*** Opening Study material ***

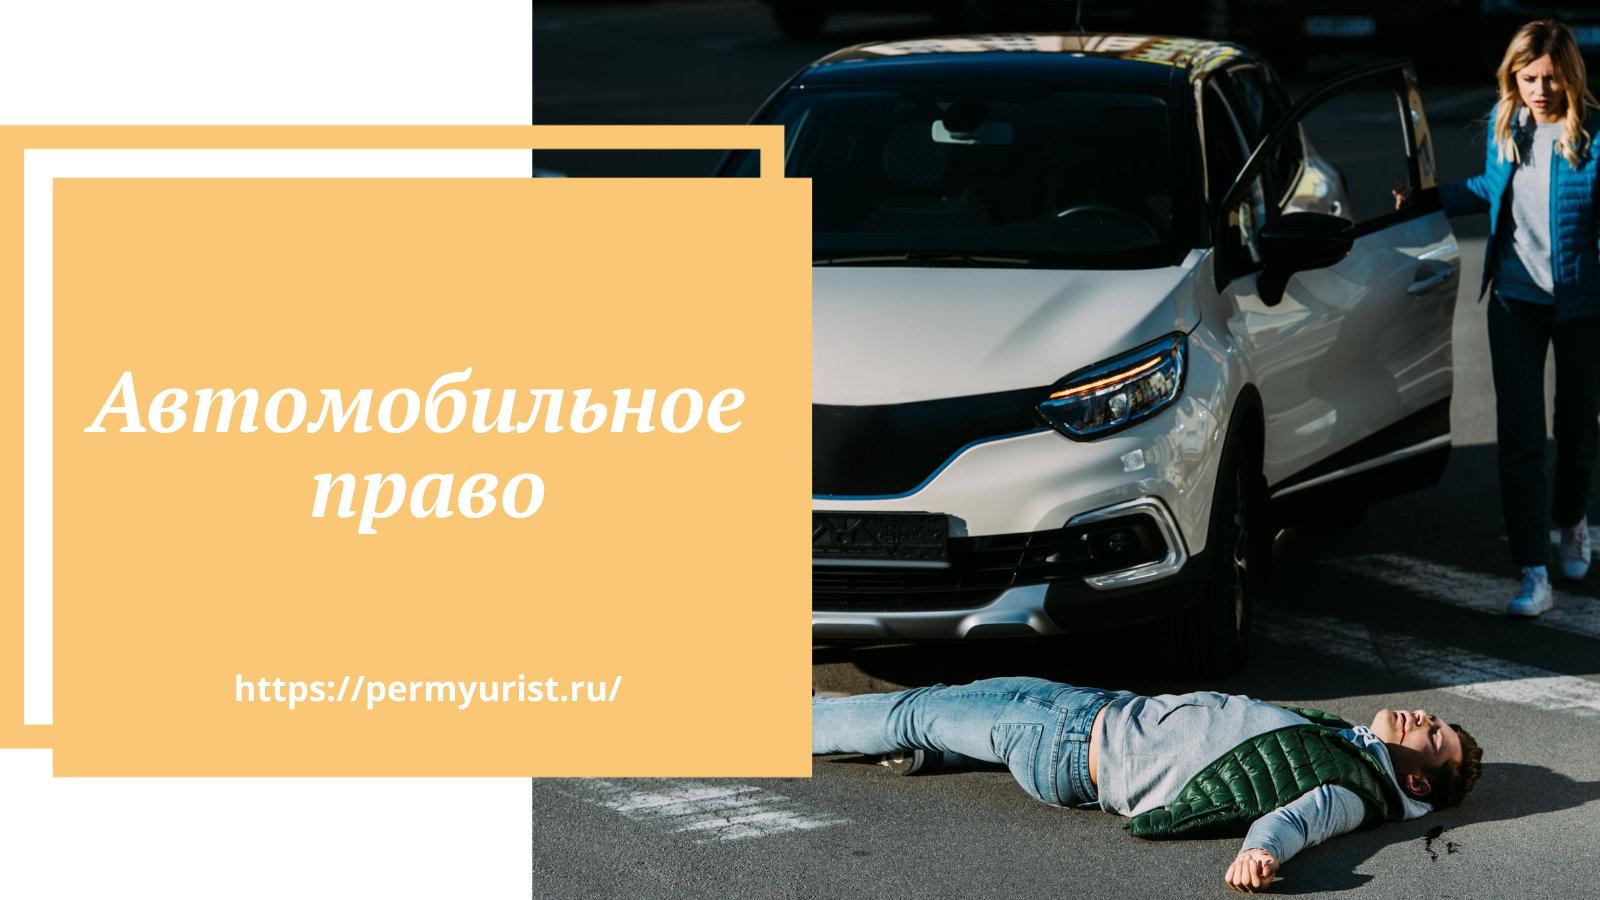 Автоюрист от компании Юрист Пермь
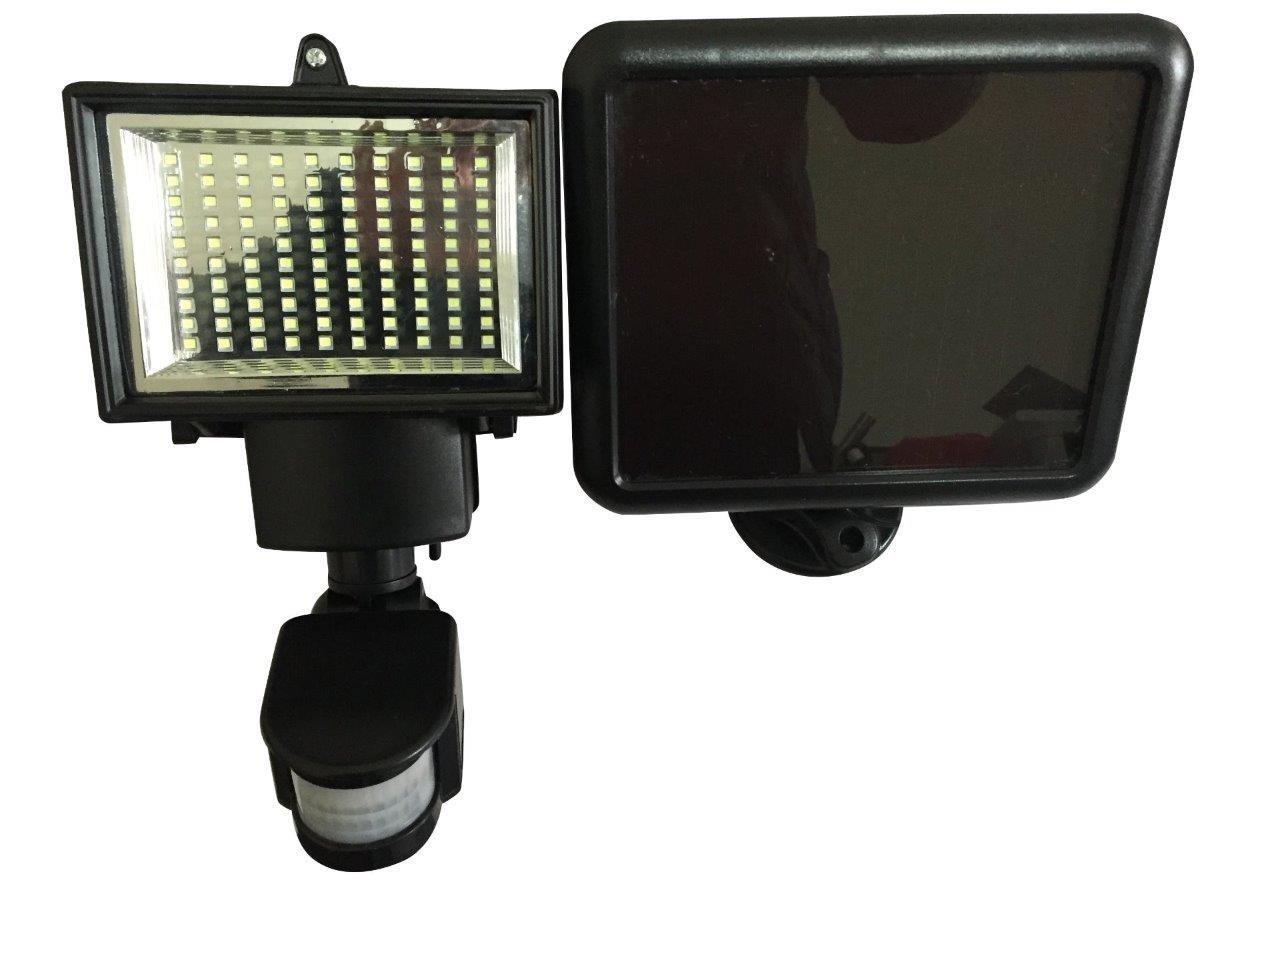 High output solar spot light - Amazon Com Lightahead 100 Led Solar Motion Sensor Flood Light Waterproof All Weather 100 Bright White Smd High Output Leds Solar Security Light
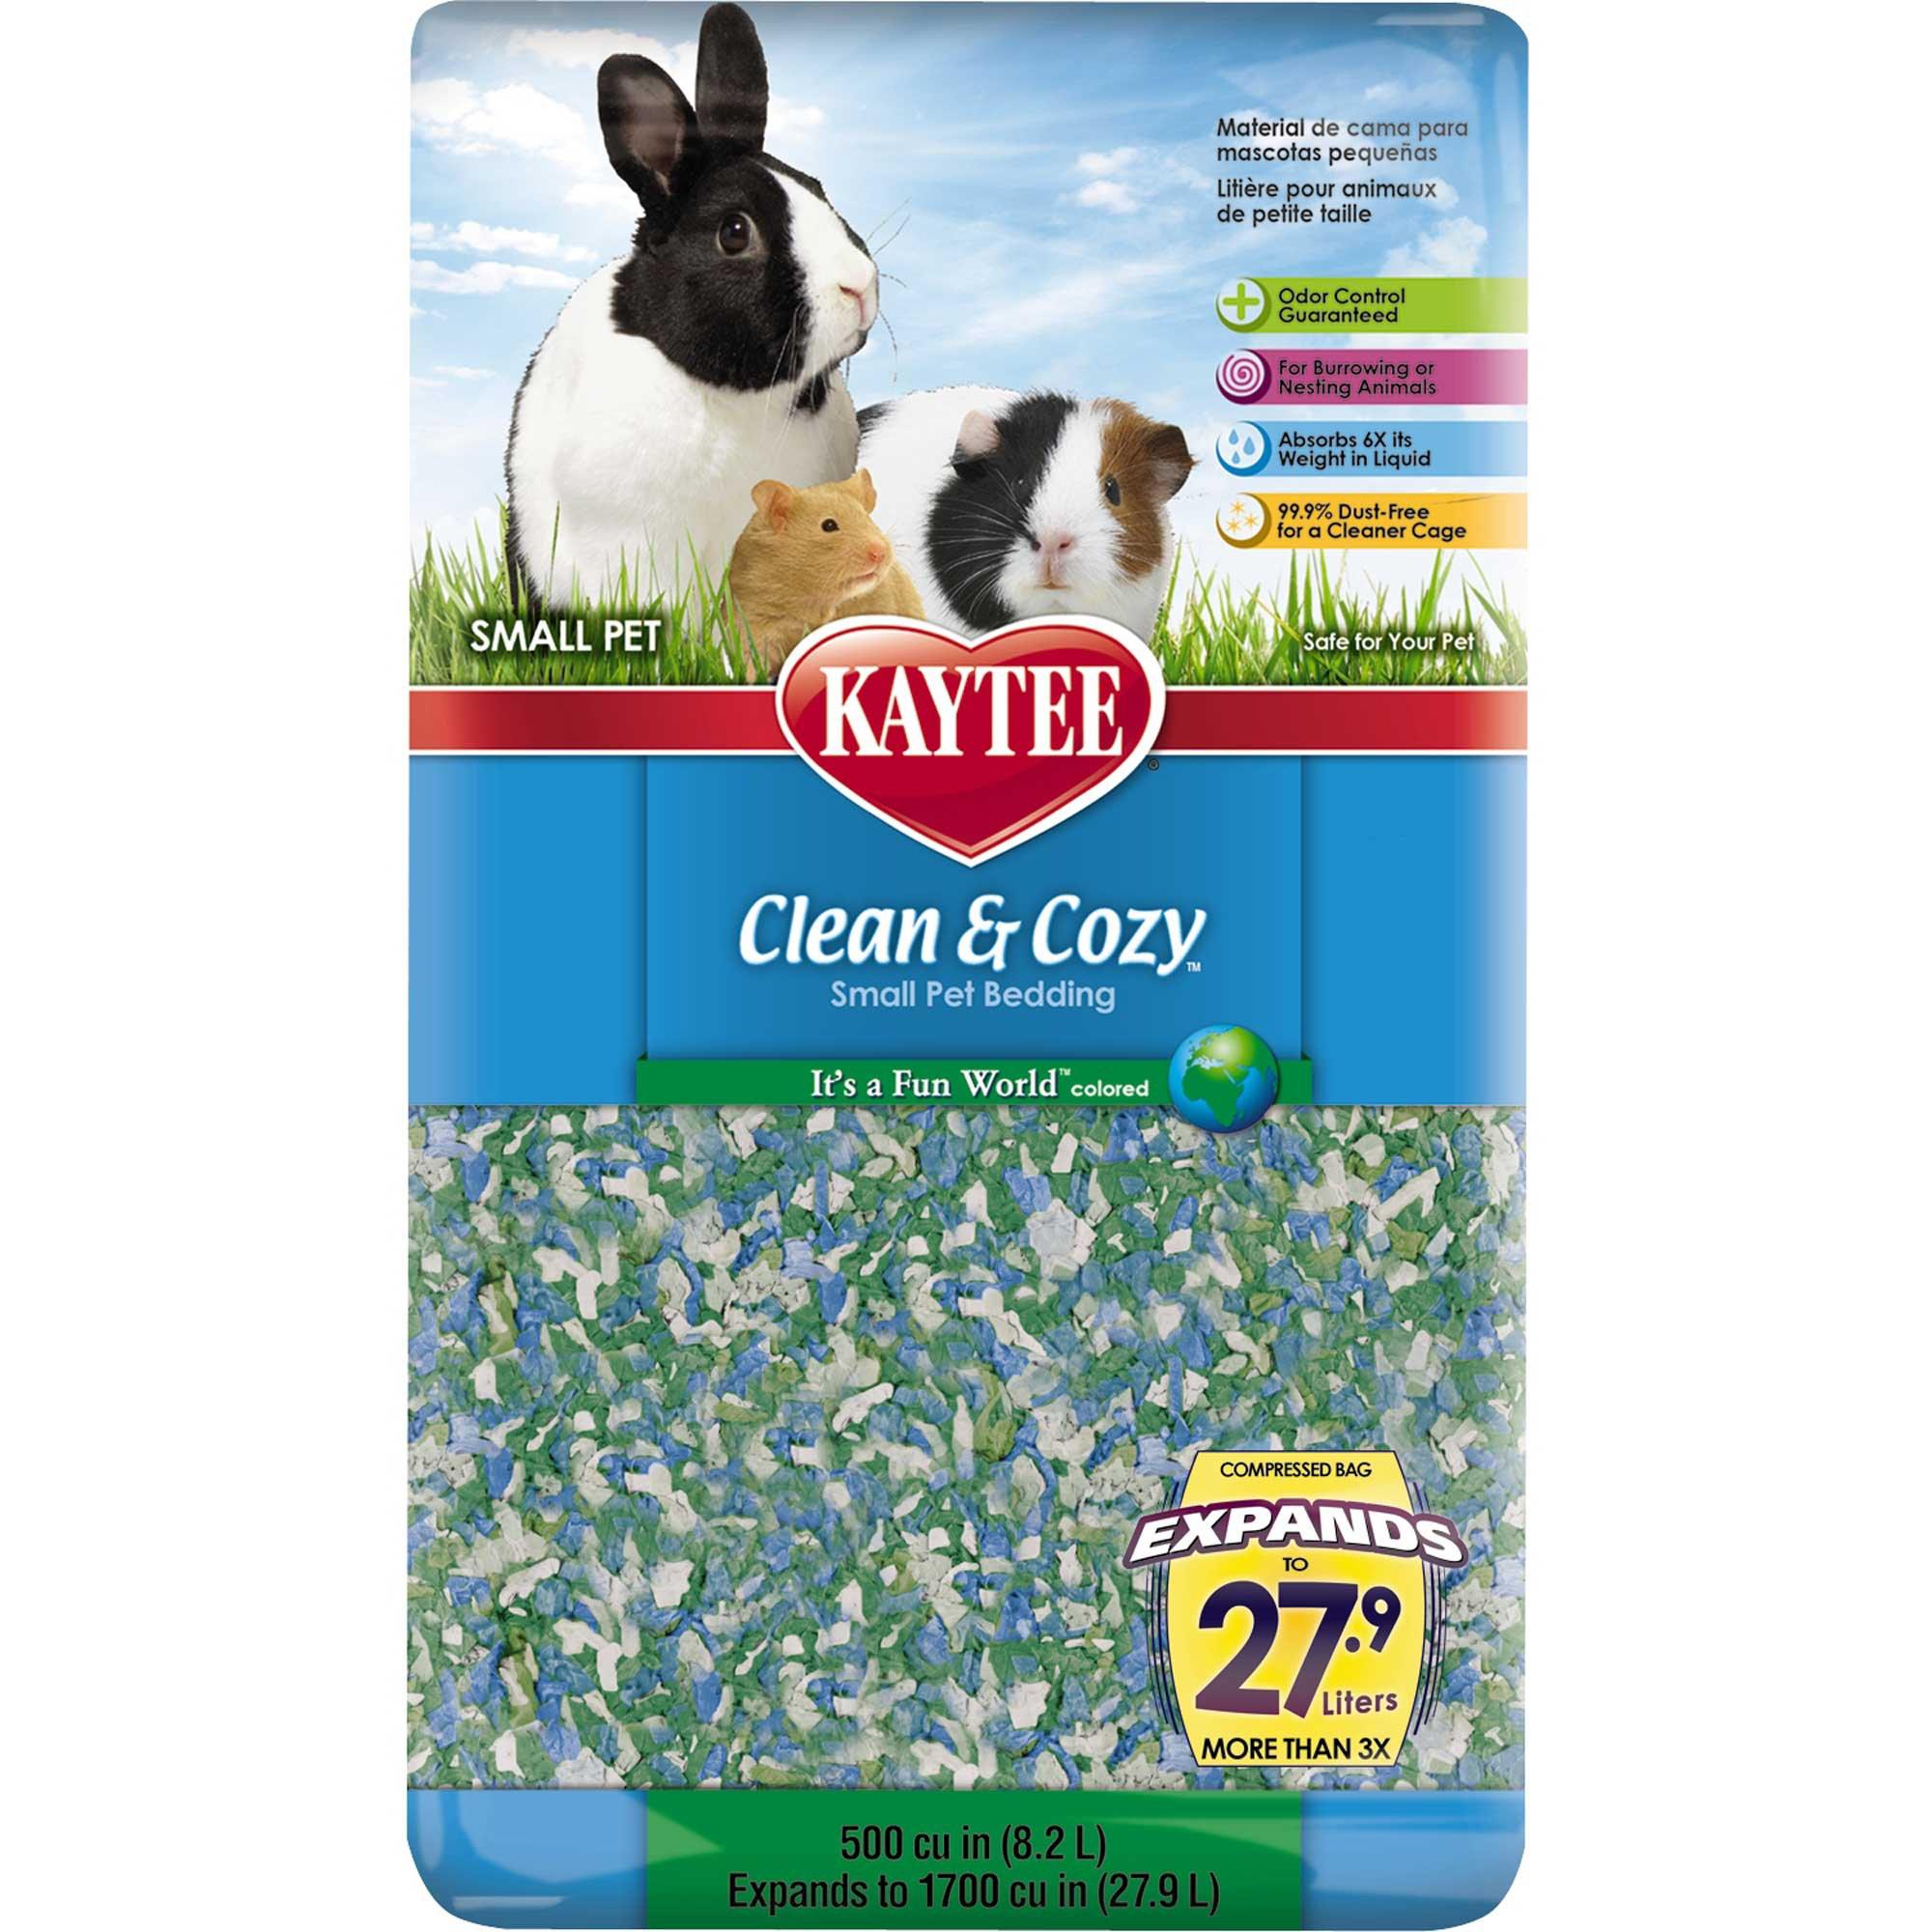 Kaytee Clean & Cozy It's A Fun World Small Animal Bedding
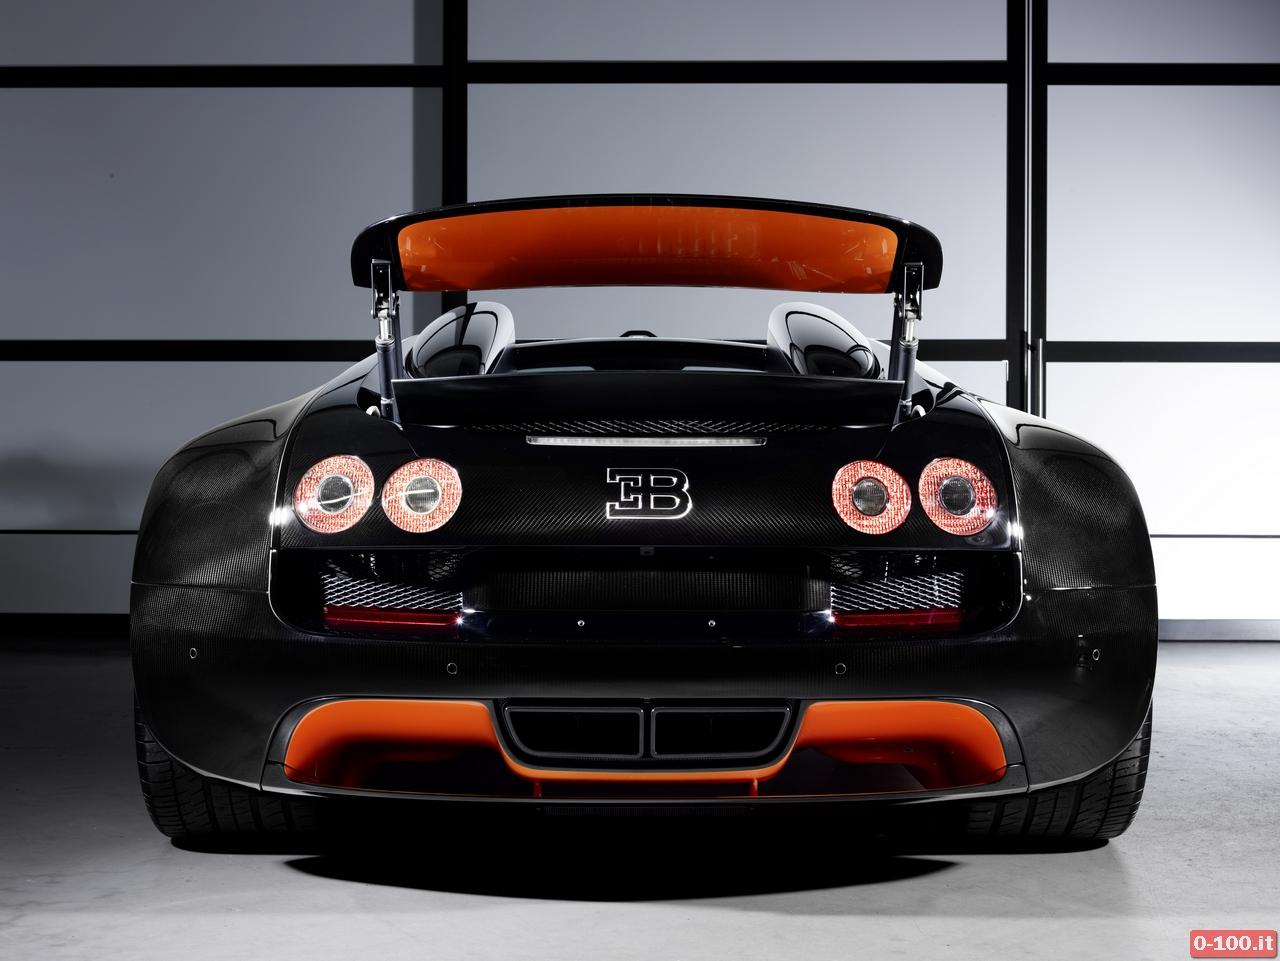 bugatti-veyron-16-4-grand-sport-vitesse-debutto-a-shanghai_0-100_4
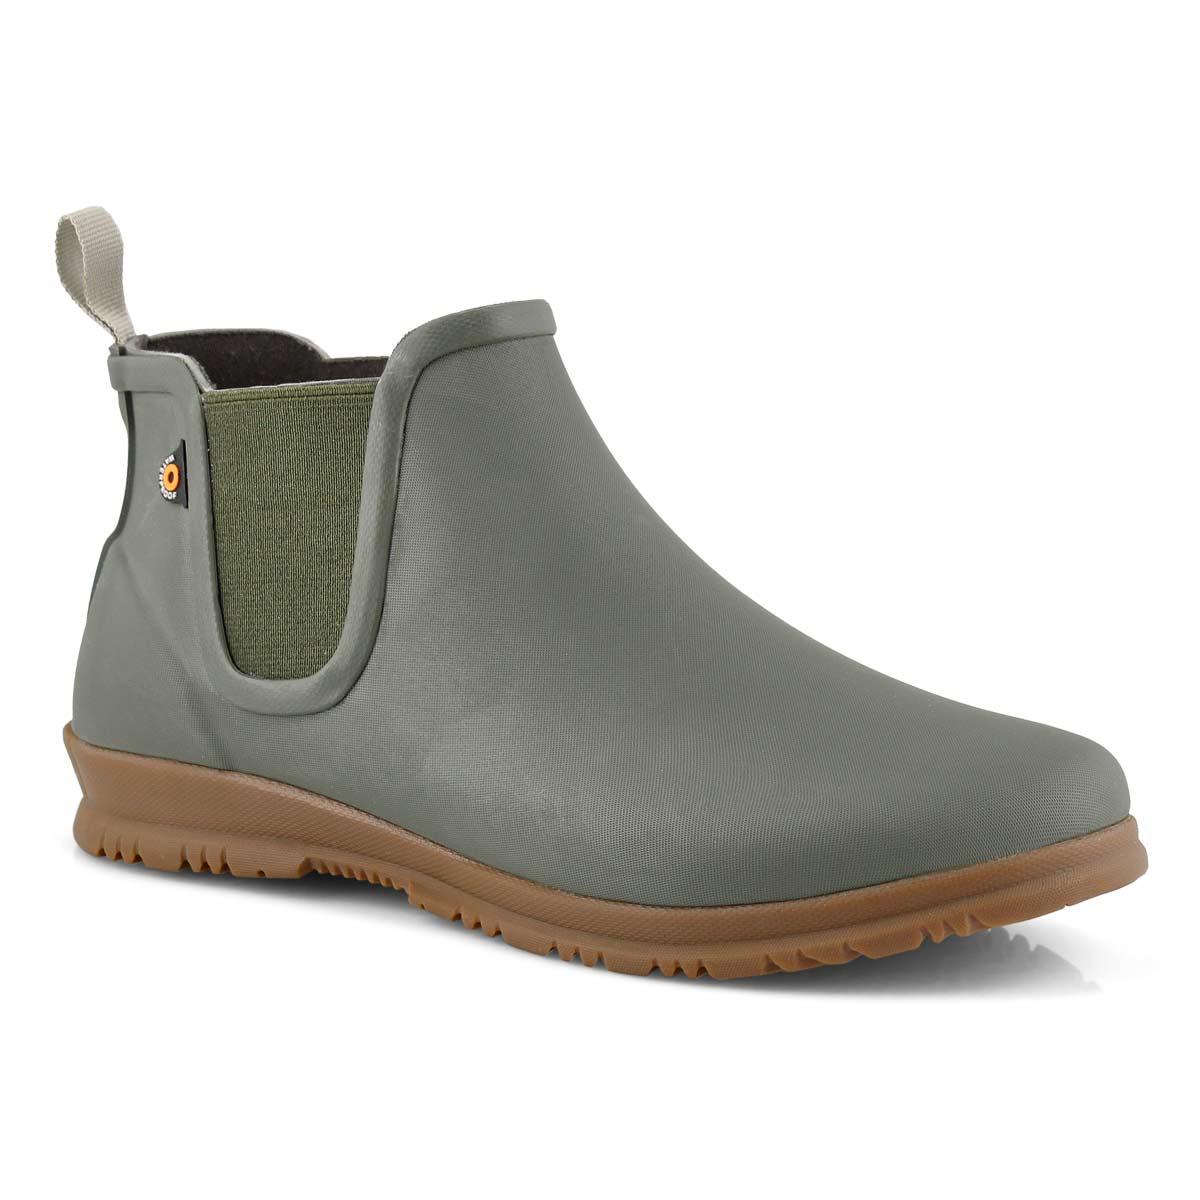 Lds Sweetpea sage waterproof boot

*** Closing Study material ***

What is needed is an exact repeat of the lines from the one containing "High output solar" through the last line of the records above, both included, with pictures left out.

* [Solution to the exercise]
 High output solar spot light - Amazon Com Lightahead 100 Led Solar Motion Sensor Flood Light Waterproof All Weather 100 Bright White Smd High Output Leds Solar Security Light
 Kaytee Clean & Cozy It's A Fun World Small Animal Bedding
 bugatti-veyron-16-4-grand-sport-vitesse-debutto-a-shanghai_0-100_4
 Lds Sweetpea sage waterproof boot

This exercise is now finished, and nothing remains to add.